• EXERCISE DETAILS:
Only one span is wanted from the lines below: from the one with "bride shares dance with her dad" up to and including the one with "Chloe - Lace-up leather ankle boots Chloe". Copy it exactly, without images.

• MATERIALS PROVIDED:
──────
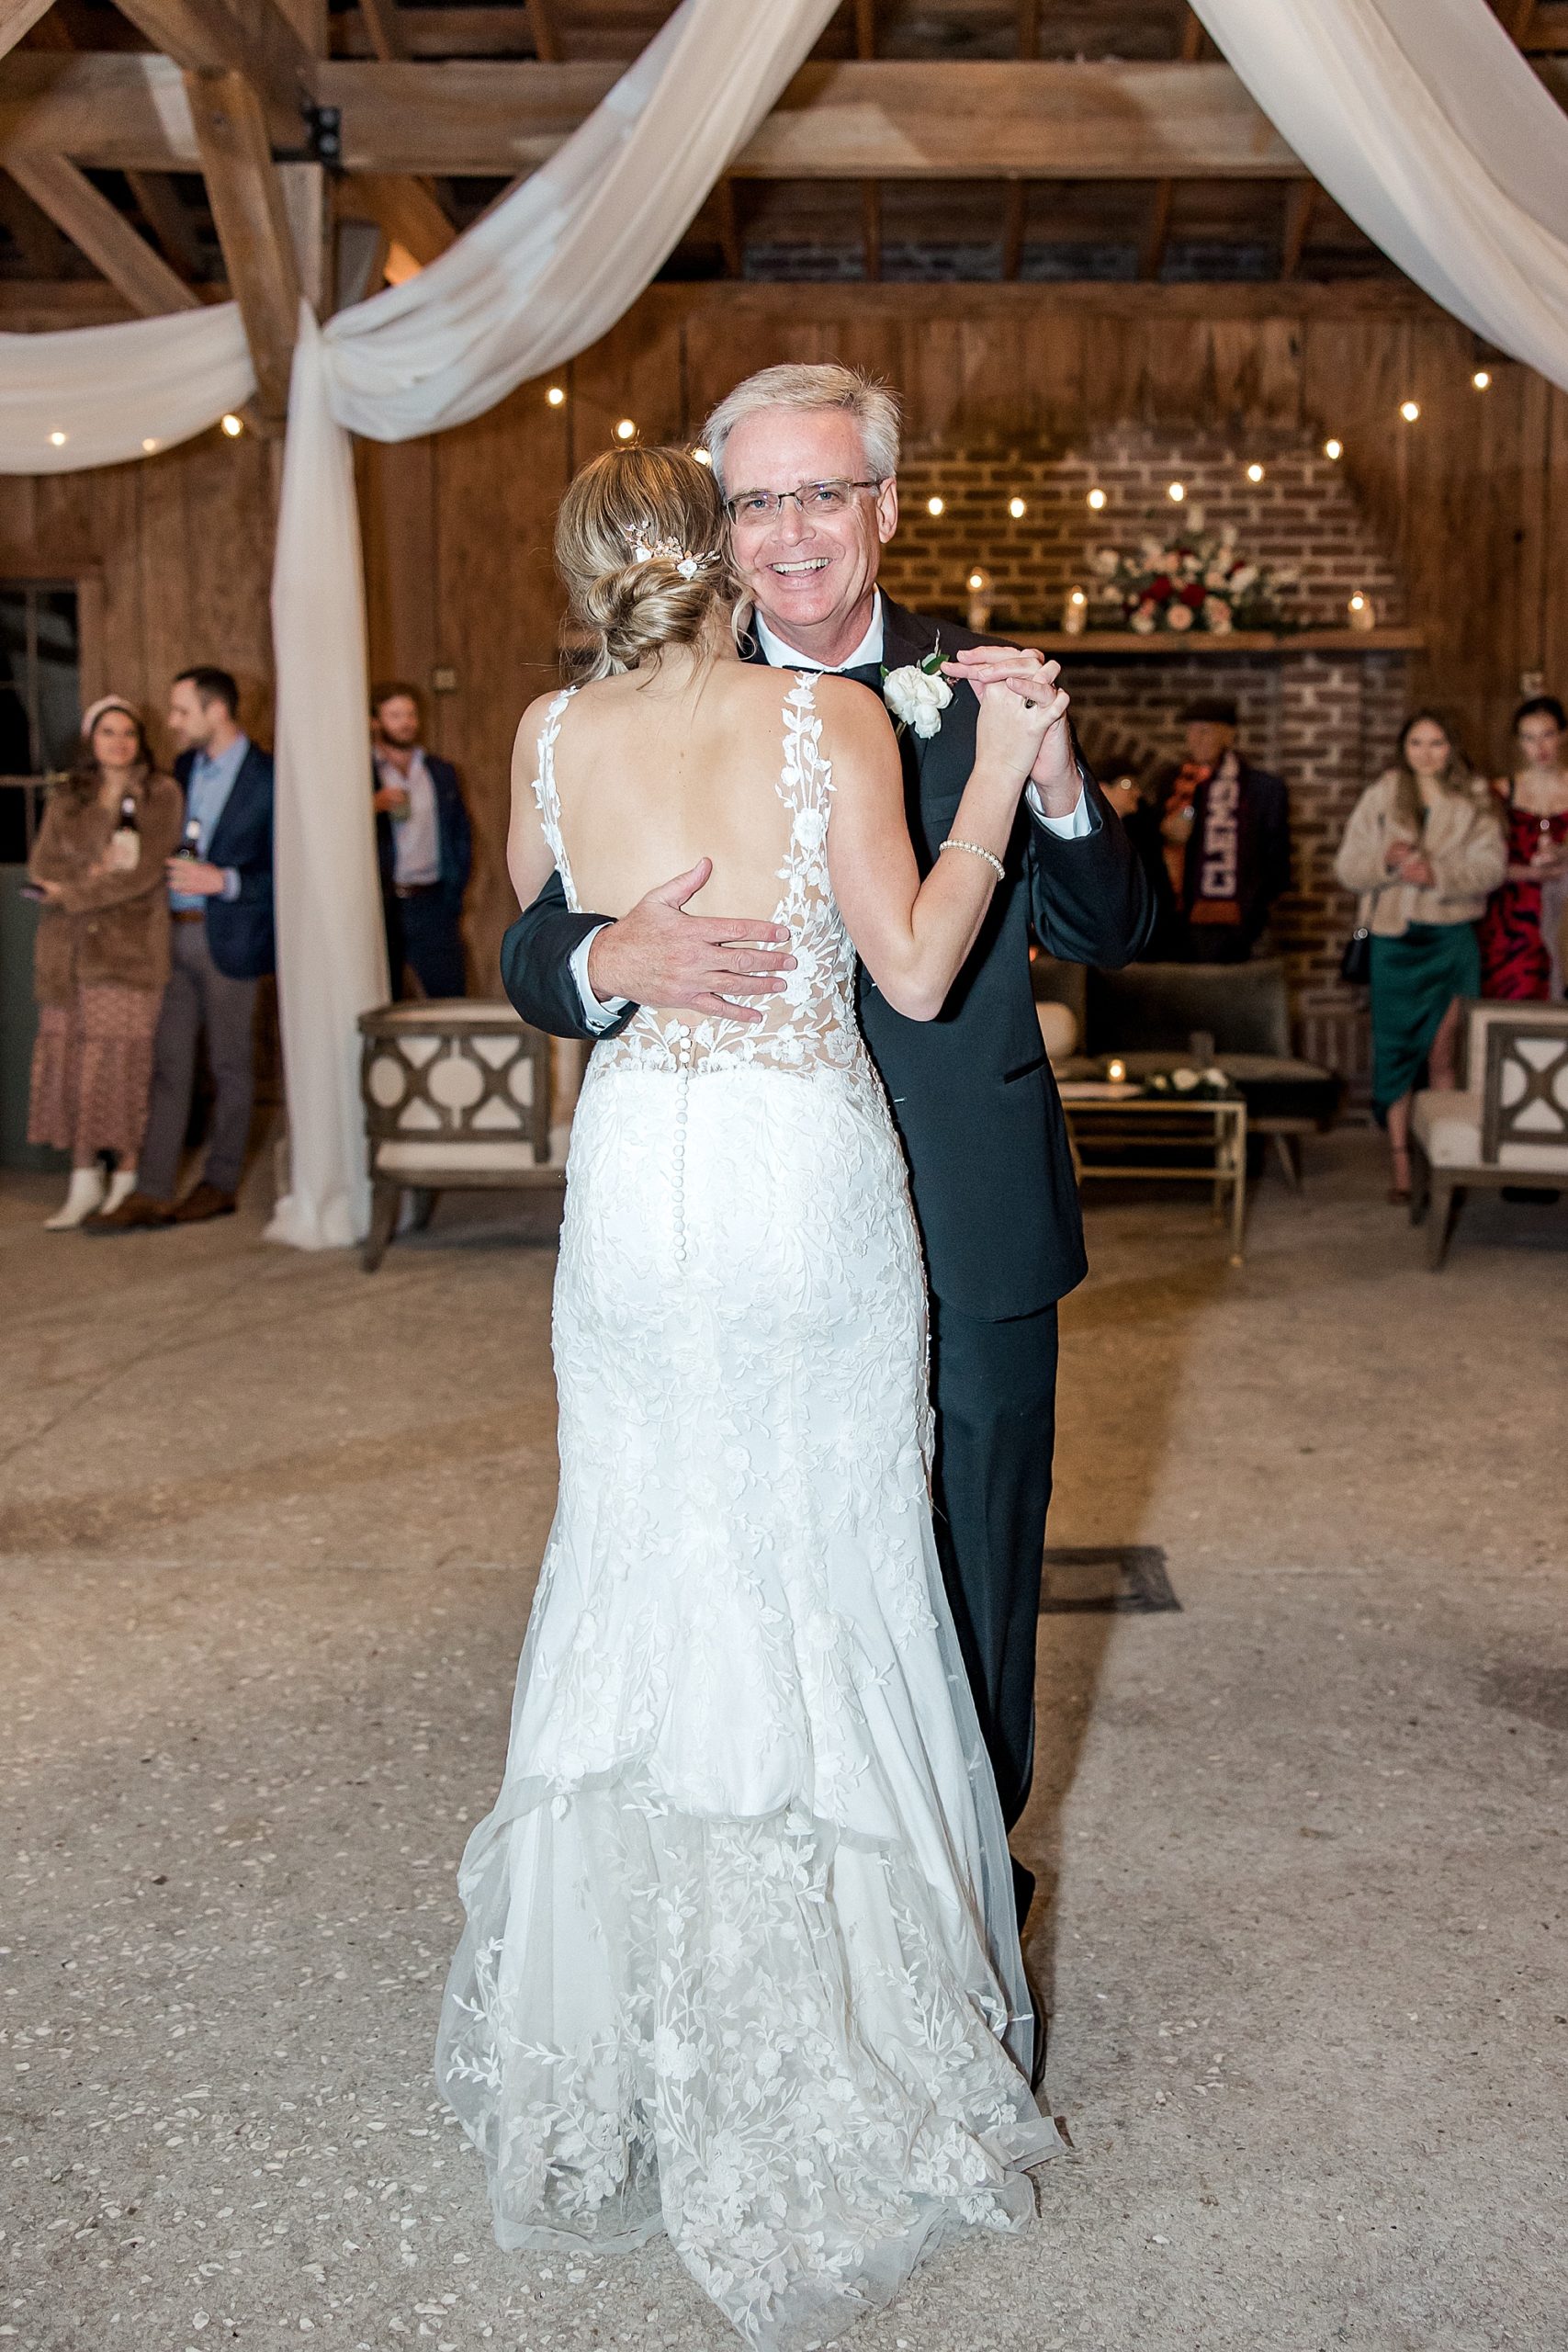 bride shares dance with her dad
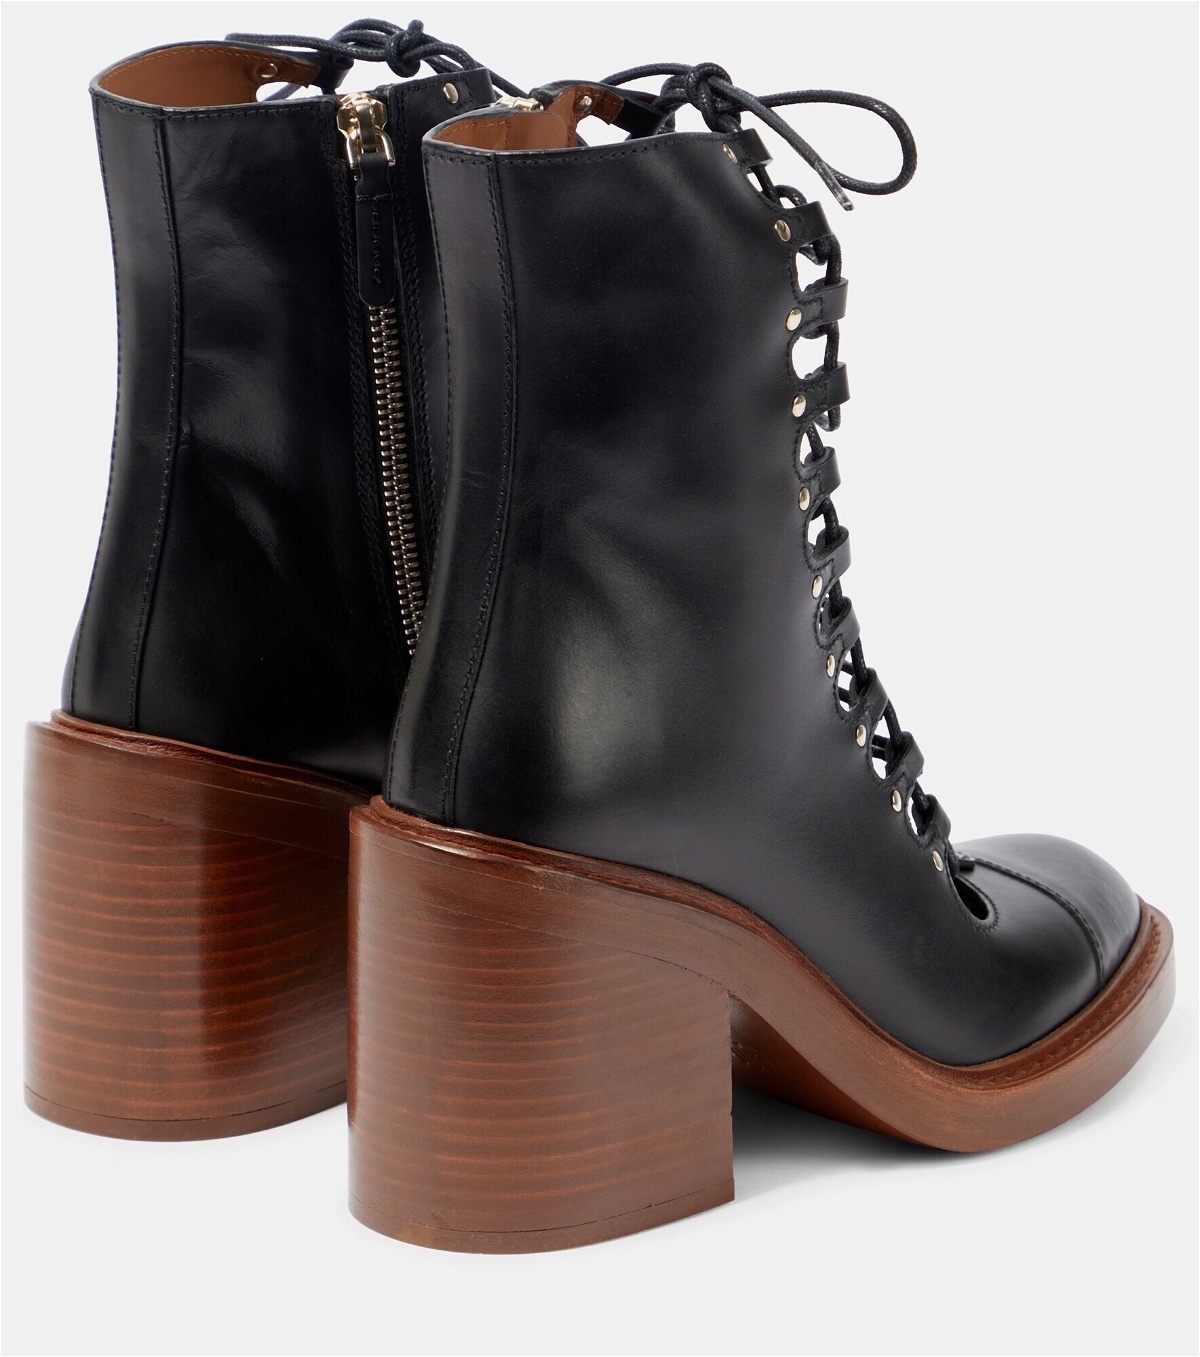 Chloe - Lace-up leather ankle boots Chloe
──────
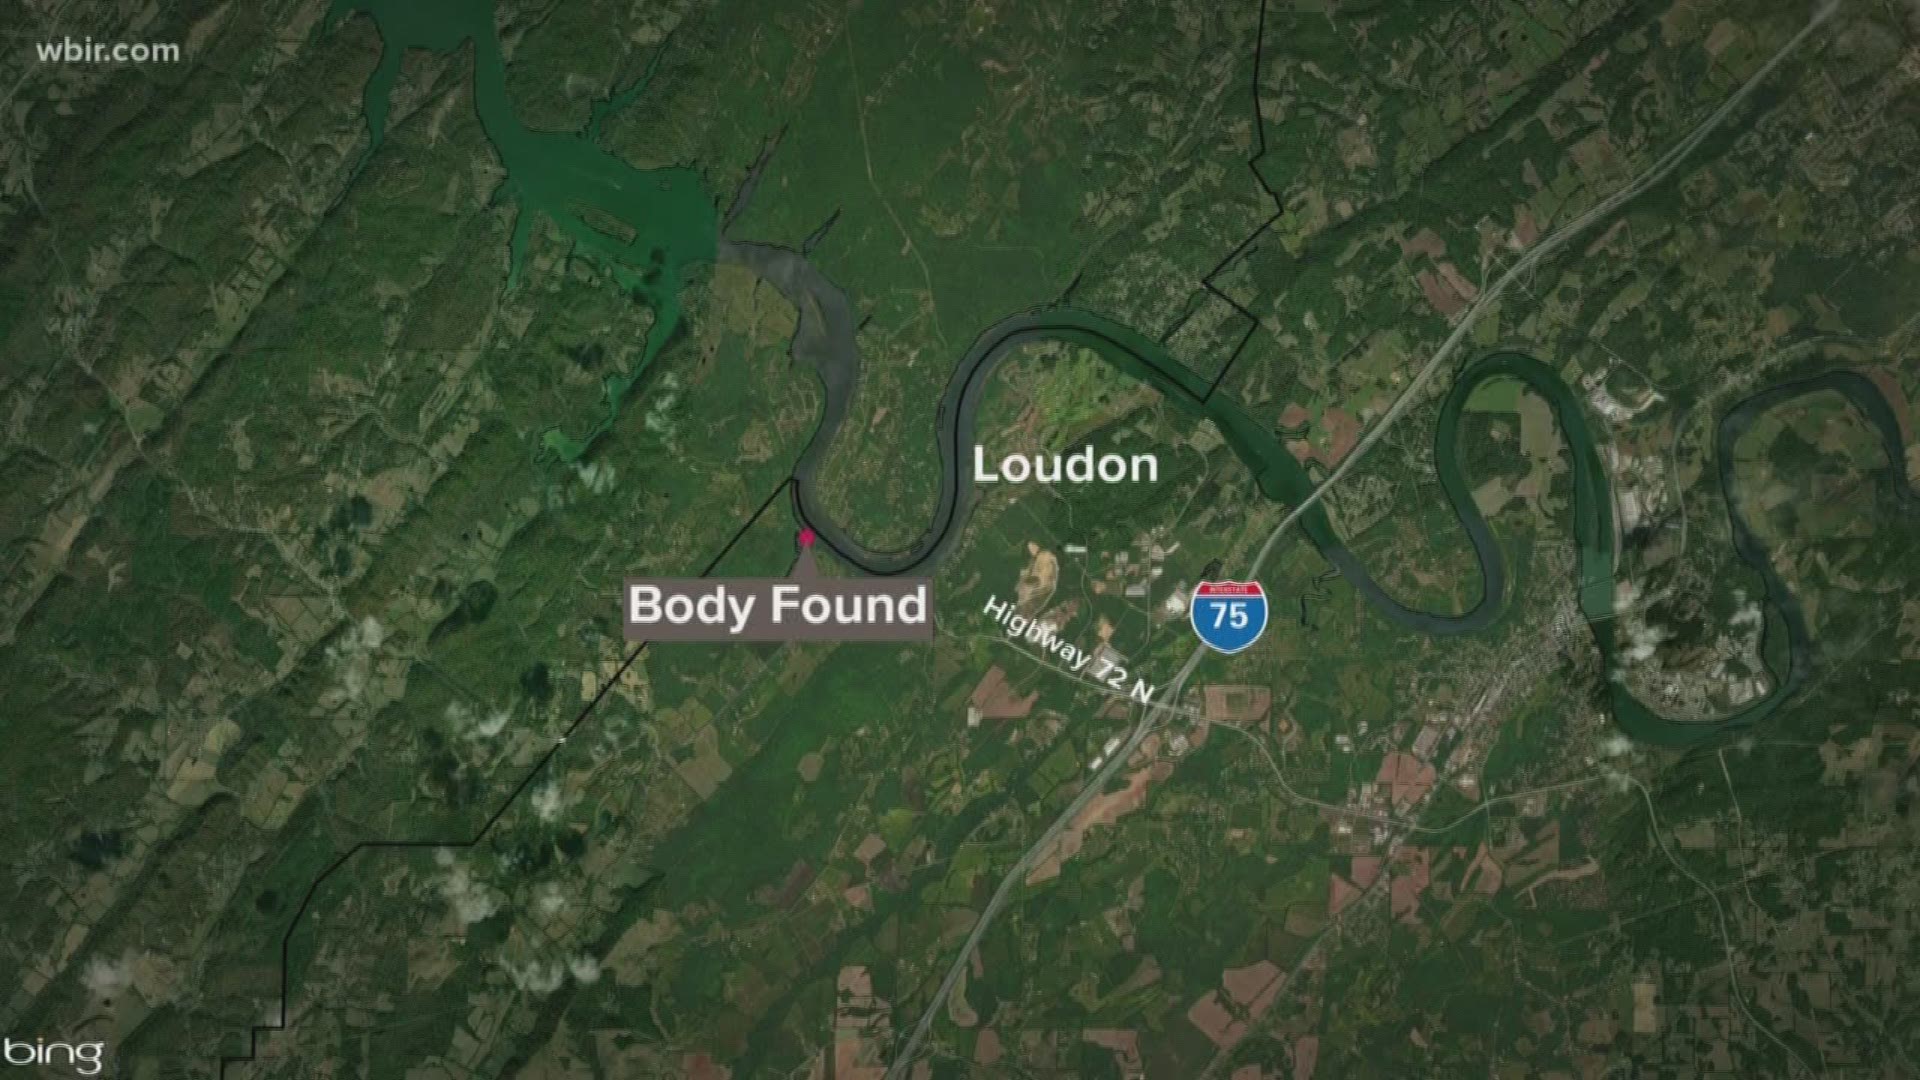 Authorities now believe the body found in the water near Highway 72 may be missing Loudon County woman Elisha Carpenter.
──────
• EXERCISE ANSWER:
 bride shares dance with her dad
 Chloe - Lace-up leather ankle boots Chloe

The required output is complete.